2. Description of Operation of Image Forming Apparatus
[0074] Hereinafter, the operation of the image forming apparatus 1
will be described with the flowchart of FIG. 4.
[0075] As illustrated in FIG. 4, the hardware processor 10 makes a
determination as to whether a predetermined period of time is
elapsed since the last image forming operation ends (Step S41). If
it is determined that the predetermined period of time is not
elapsed yet (Step S41, No), the hardware processor 10 resets a
counter (Step S42). If it is determined that the predetermined
period of time is elapsed (Step S41, Yes), the process proceeds to
Step S45.
[0076] Then, the hardware processor 10 makes a determination as to
whether to control the abutting angle based on the counter value of
the counter (Step S43).

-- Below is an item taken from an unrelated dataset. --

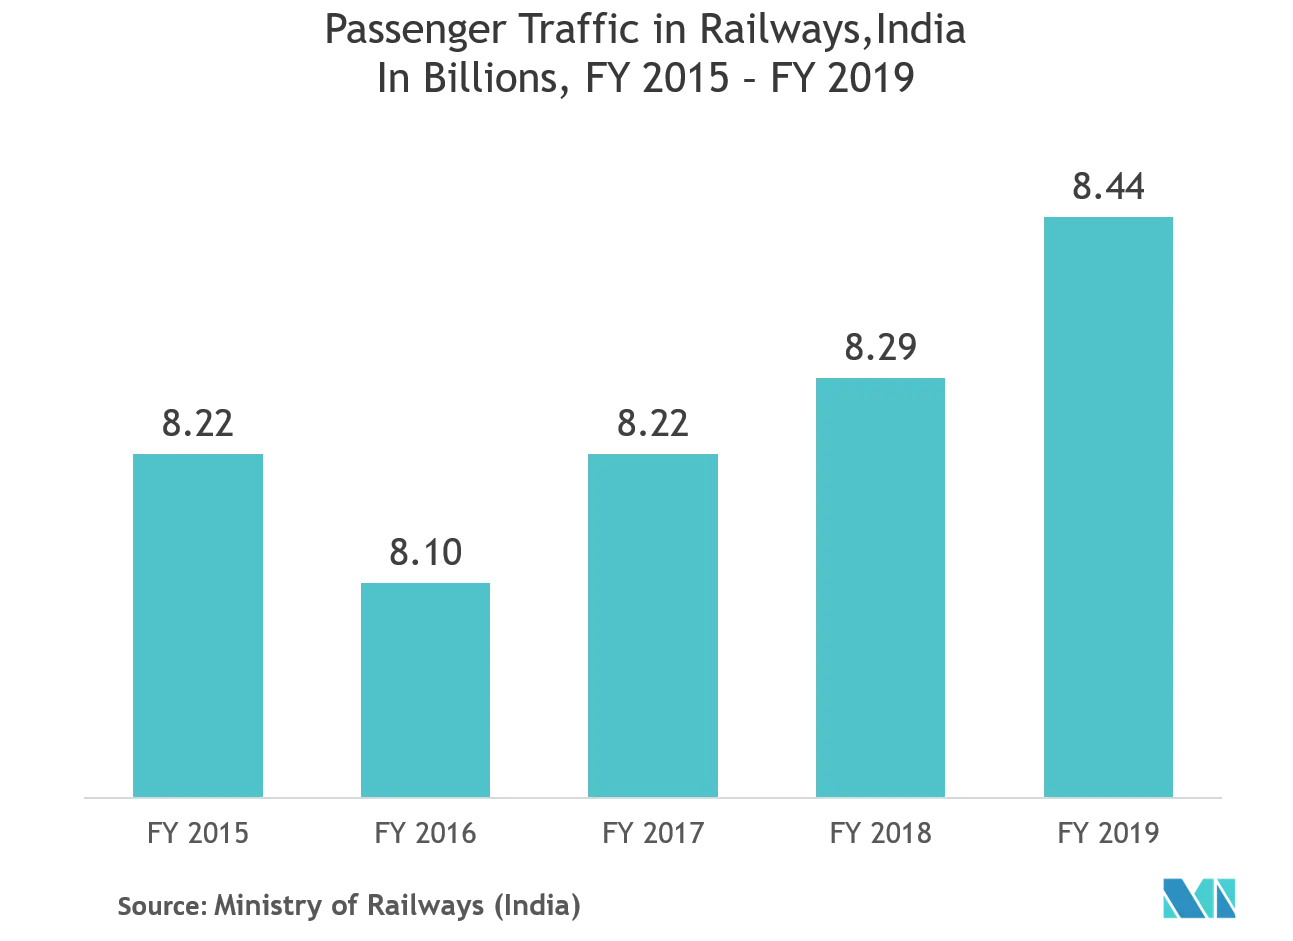 Mercado de sistemas de gestión ferroviaria - Tráfico de pasajeros en ferrocarriles, India en miles de millones, año fiscal 2025 - 2019

For example, based on to the counter value,
the hardware processor 10 determines it is time to control the
abutting angle when several minutes to one hour has elapsed since
the last image forming operation.
[0077] If it is determined not to control the abutting angle (Step
S43, No), the hardware processor 10 increments the counter (Step
S44), and the process returns to Step S43. If it is determined to
control the abutting angle (Step S43, Yes), the process proceeds to
Step S45.
[0078] Then, the hardware processor 10 resets the counter (Step
S45), retrieves the environmental conditions detected by the
environment detector 21 such as the temperature and the humidity
(Step S46) and calculates the abutting angle that is suitable for
the detected environment (Step S47).
[0079] The hardware processor 10 makes a determination as to
whether the current abutting angle is equal to the calculated
abutting angle (Step S48). If it is determined that the current
abutting angle is equal to the calculated abutting angle (Step S48,
Yes), the process proceeds to Step S51.
[0080] If it is determined that the current abutting angle is not
equal to the calculated abutting angle (Step S48, No), the hardware
processor 10 reads out a control value for the calculated abutting
angle (Step S49) and adjusts the biasing force based on the control
value so as to control the abutting angle (Step S50). Such control
values, which are determined in an experiment or the like by
figuring out the relationship between the biasing force and the
abutting angle with respect to each environmental condition, are
stored in the storage 11 beforehand.
[0081] For example, suppose that the apparatus has operated for a
long time in a high-temperature high-humidity environment as
illustrated in FIG. 5A so that the rigid blade 201 is worn out as
illustrated in FIG. 5B. In this condition, when the environmental
condition changes from a high-temperature high-humidity environment
to a low-temperature low-humidity environment, the frictional force
against the intermediate transfer belt 174 decreases. Accordingly,
the rigid blade 201 returns in the direction opposite the
rotational direction of the intermediate transfer belt to balance
the decreased frictional force, and thus moves or deforms in the
direction of decreasing the abutting angle as illustrated in FIG.
5C.
[0082] In this case, the wearing surface WR51 is lifted up to cause
edge separation as illustrated in FIG. 5C. To avoid the occurrence
of edge separation, the hardware processor 10 controls the abutting
angle adjuster 30 to increase the abutting angle of the rigid blade
201 as illustrated in FIG. 5D. That is, the hardware processor 10
controls the abutting angle adjuster 30 to adjust the abutting
angle of the rigid blade 201 to a predetermined angle. In other
words, the abutting angle of the rigid blade 201 is maintained at
the same angle as the abutting angle in a high-temperature
high-humidity environment. As a result, the wearing surface WR51 is
not lifted up, and the occurrence of edge separation can thus be
avoided.
[0083] FIG. 6 is an explanatory view of various changes of the
environmental condition, and FIG. 7 is an explanatory view of an
example and a comparison in the changes of the environmental
condition. The abutting angle is controlled as described above in
Example 1 but not in Comparison 1.
[0084] In FIG. 6 and FIG. 7, the symbol A represents whether an
image noise due to imperfect cleaning occurs when image formation
is performed on 10000 sheets in a high-temperature high-humidity
environment (HH) and thereafter the environmental condition is
changed to a low-temperature low-humidity environment (LL). The
symbol "o" represents that an image noise did not occur, and the
symbol "x" represents that an image noise occurred.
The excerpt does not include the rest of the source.